Conversely, the less we trust the source, the more dangerous we perceive a risk to be.
Origin This factor in risk perception is the ultimate double standard. If we create a risk, we tend to brush it off and perceive it as minor. However, if someone else creates the same risk, we tend to perceive it as major and significant because we don’t have control over it.
Control If you feel that you have control over the end outcome, you will feel there is less risk involved. However, if you are forced to be a bystander to a risk, you will perceive it as inherently more dangerous.
Nature We perceive risks and dangers from nature to be relatively minor and harmless, but put us in front of a man-made risk factor, and we are immediately hesitant.
Awareness We only have a certain amount of attention we can devote to risks each day, week, and even year. We have a higher perception of risk for that which we are more aware of — that which dominates the news or social cycle of the day or week.
Uncertainty When we know a general risk, but are uncertain on the rest of the details — who, what, when, where, and why — we perceive a risk to be significant.
Scope Scope refers to just how much damage will occur if the risk comes to fruition. The greater we perceive the scope of the damage to be, the greater the risk is.
Hard to Understand This is related to the uncertainty risk perception factor. The less we understand something, the more risky it appears to be.
What is dread?

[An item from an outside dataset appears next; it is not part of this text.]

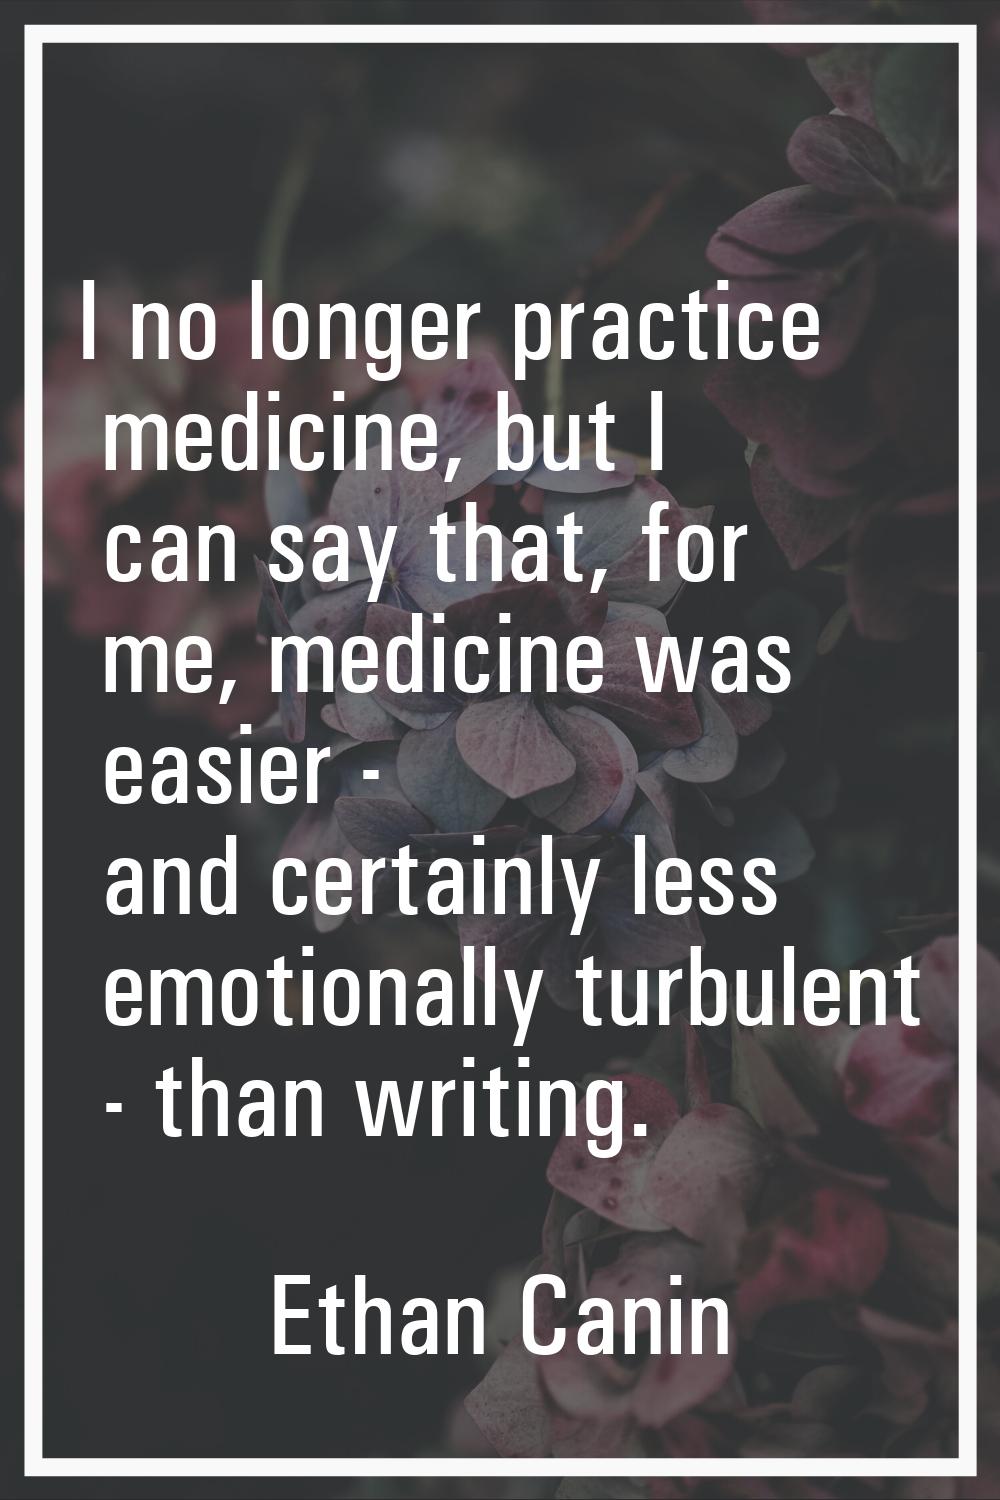 I no longer practice medicine, but I can say that, for me, medicine was easier - and certainly less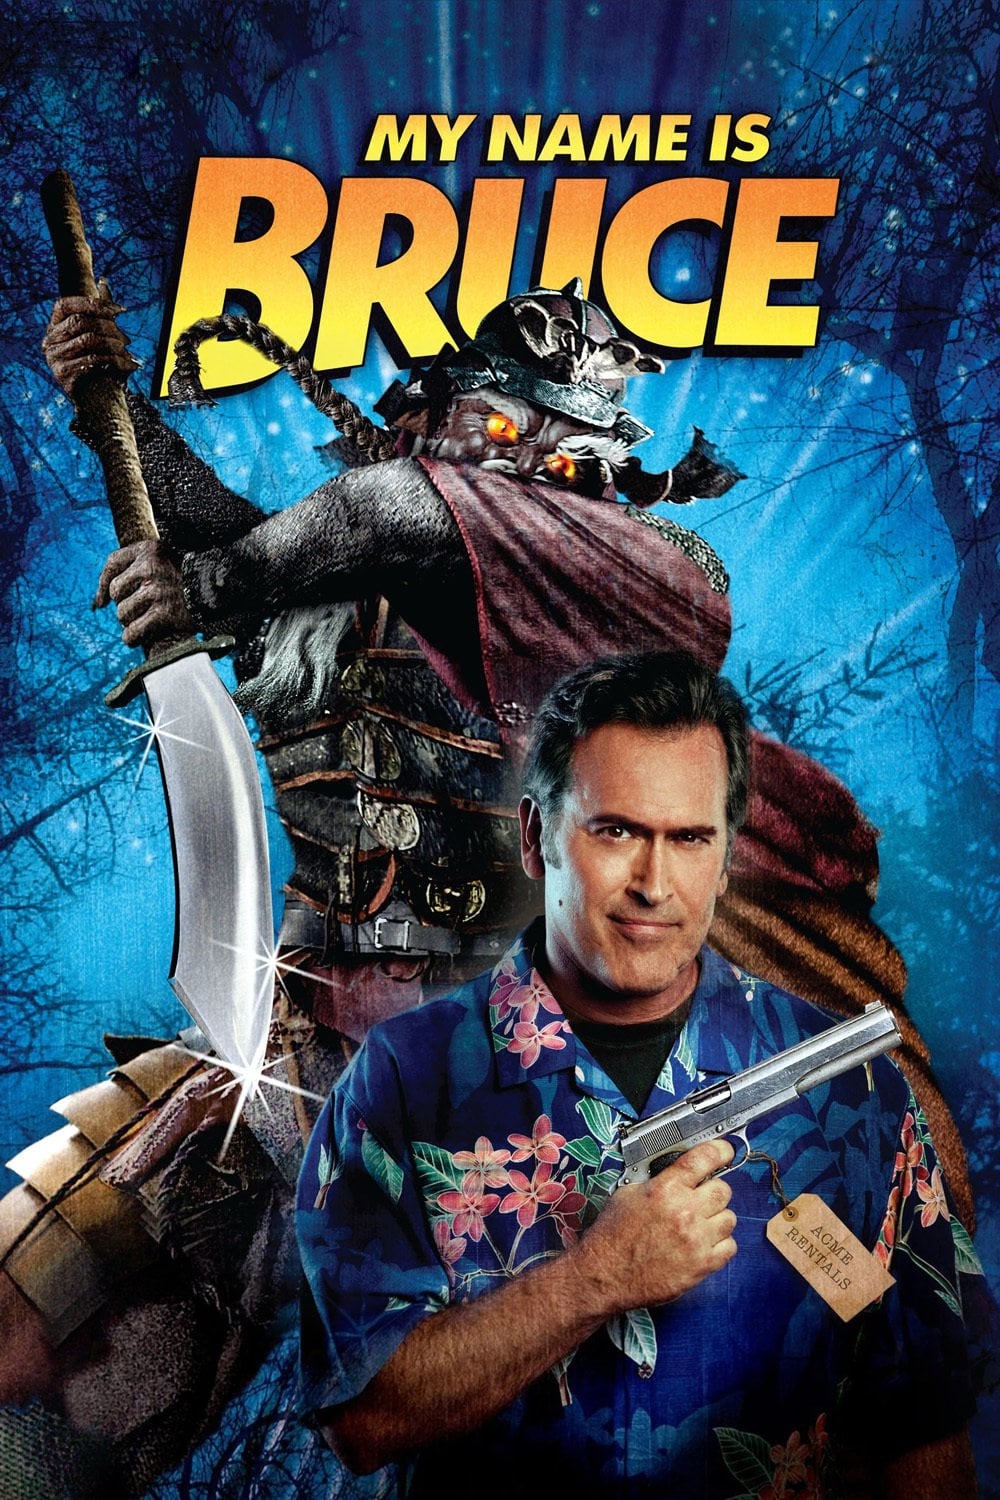 My Name Is Bruce film

The dictionary definition doesn’t do it justice, but for instance, a risk that would invoke dread is being eaten alive by a combination of ants and rats. You likely just made a disgusted face and shuddered, and that’s what dread can do to you. It seizes control of your imagination and creates a visceral reaction, which makes you perceive greater risk because you just want to avoid that outcome at all costs. Unpleasant things make us perceive greater risk.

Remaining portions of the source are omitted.